Solution: Step 1: Identify the current date and its day: August 5th, Wednesday, in a leap year. Step 2: Determine the nature of the next three years. Since the current year is a leap year (e.g., 20XX), the next three consecutive years will be ordinary years (e.g., 20XX+1, 20XX+2, 20XX+3). Step 3: Calculate odd days for each of the next three years. An ordinary year has 1 odd day. Therefore, 3 ordinary years will have 3 * 1 = 3 odd days. Step 4: Add the total odd days to the current day of the week. Starting from Wednesday, add 3 odd days: Wednesday + 1 day = Thursday, Thursday + 1 day = Friday, Friday + 1 day = Saturday. Thus, August 5th after 3 years will be a Saturday.

Solution: Step 1: Break down 126 years into standard periods for odd day calculation. 126 years = 100 years + 26 years. Step 2: Calculate odd days for the first 100 years. A period of 100 years has 5 odd days (76 ordinary years * 1 odd day + 24 leap years * 2 odd days = 76 + 48 = 124 days = 17 weeks + 5 days). Step 3: Calculate odd days for the remaining 26 years. Identify leap years within these 26 years: 26 ÷ 4 = 6 leap years. Ordinary years = 26 - 6 = 20 ordinary years. Odd days from 26 years = (6 * 2) + (20 * 1) = 12 + 20 = 32 odd days. Convert to modulo 7: 32 ÷ 7 = 4 weeks with a remainder of 4 odd days. Step 4: Sum the odd days from both periods. Total odd days = (Odd days from 100 years) + (Odd days from 26 years) = 5 + 4 = 9 odd days. Step 5: Convert the total odd days to a value less than 7. 9 ÷ 7 = 1 week with a remainder of 2 odd days. Therefore, there are 2 odd days in 126 years.

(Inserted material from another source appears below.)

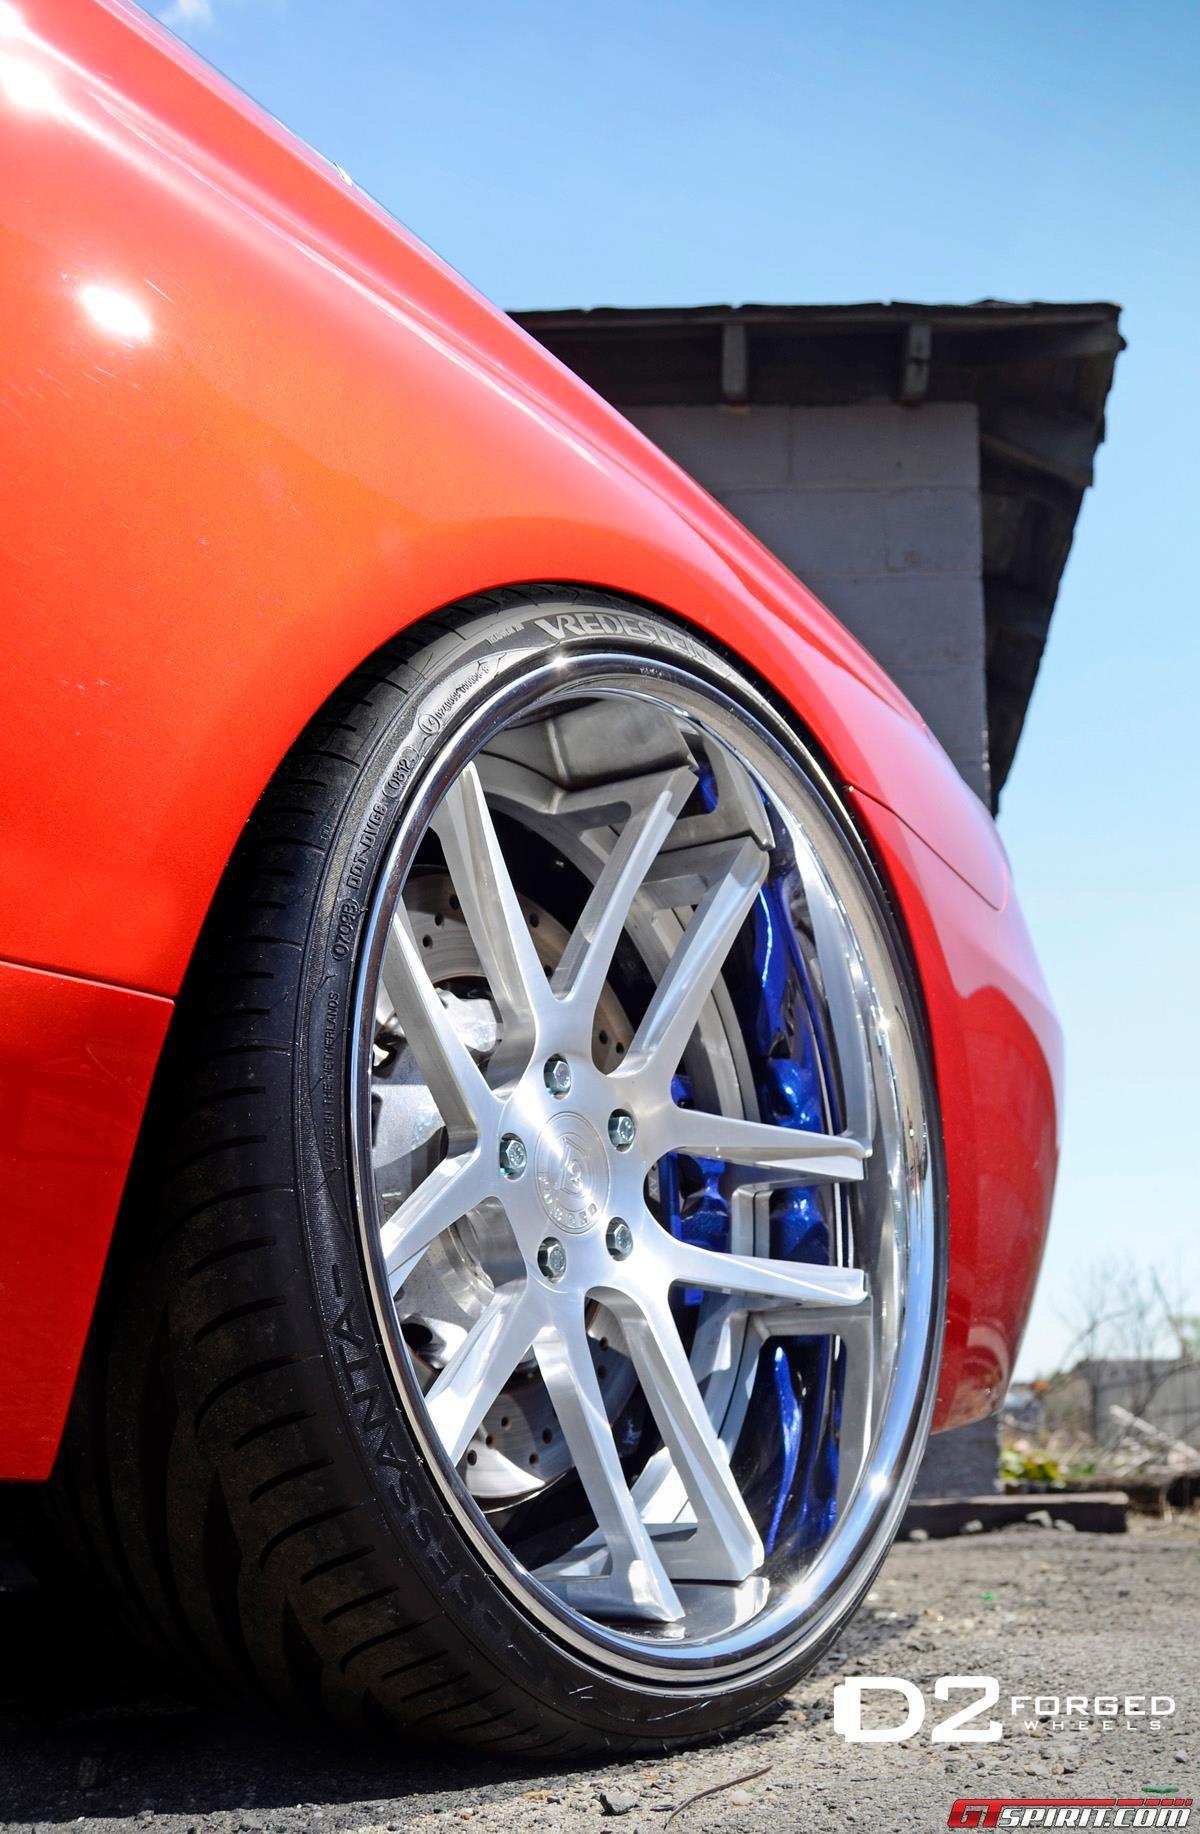 bmw-m-dforged-vs-wheels-Hd-Bmw-M-Coupe-Bmw-M-Coupe-Wallp-wallpaper-wp3603602

Solution: Step 1: Determine the number of leap years in 400 consecutive years. A standard cycle of 400 years contains 97 leap years (e.g., 1600, 2000, 2400 are leap years, but 1700, 1800, 1900 are not). Step 2: In a leap year, February has 29 days. So, the 29th day in February occurs 97 times. Step 3: For the other 11 months (January, March, April, ..., December), the 29th day occurs in every year, regardless of whether it's a leap year or not. Step 4: Calculate total occurrences for these 11 months: 400 years * 11 months/year = 4400 times. Step 5: Sum the occurrences for February and the other 11 months: 97 + 4400 = 4497 times. Therefore, the 29th day of the month occurs 4497 times in 400 consecutive years.